◆ **WHAT NEEDS TO BE DONE**
Take the material below and output exactly the run of lines from the one containing "Air Jordan 4 Retro Men's Shoes" down to the one containing "Bangunan 2 Lantai", with both included.

◆ **SUPPLIED RECORDS**
+ + +

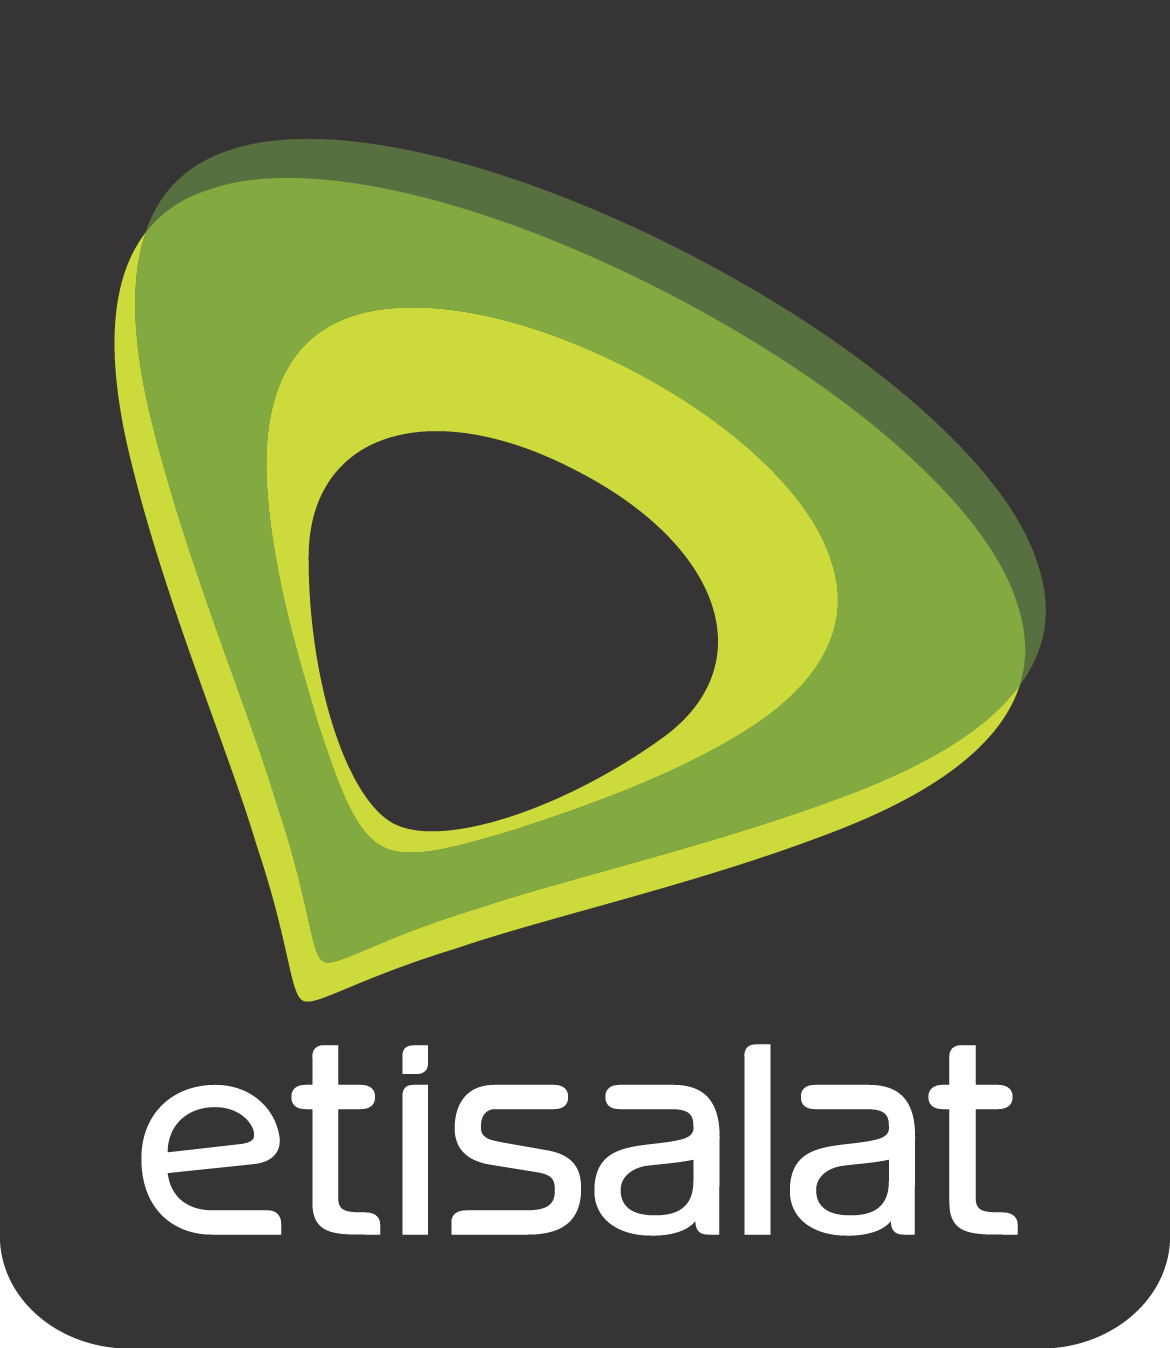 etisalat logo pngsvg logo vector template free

+ + +

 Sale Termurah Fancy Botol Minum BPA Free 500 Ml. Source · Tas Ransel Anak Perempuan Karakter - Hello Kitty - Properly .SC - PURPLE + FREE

+ + +

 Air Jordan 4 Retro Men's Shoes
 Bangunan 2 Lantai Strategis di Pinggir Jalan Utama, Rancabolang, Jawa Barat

+ + +

◆ **SOLUTION**
 Air Jordan 4 Retro Men's Shoes
 Bangunan 2 Lantai Strategis di Pinggir Jalan Utama, Rancabolang, Jawa Barat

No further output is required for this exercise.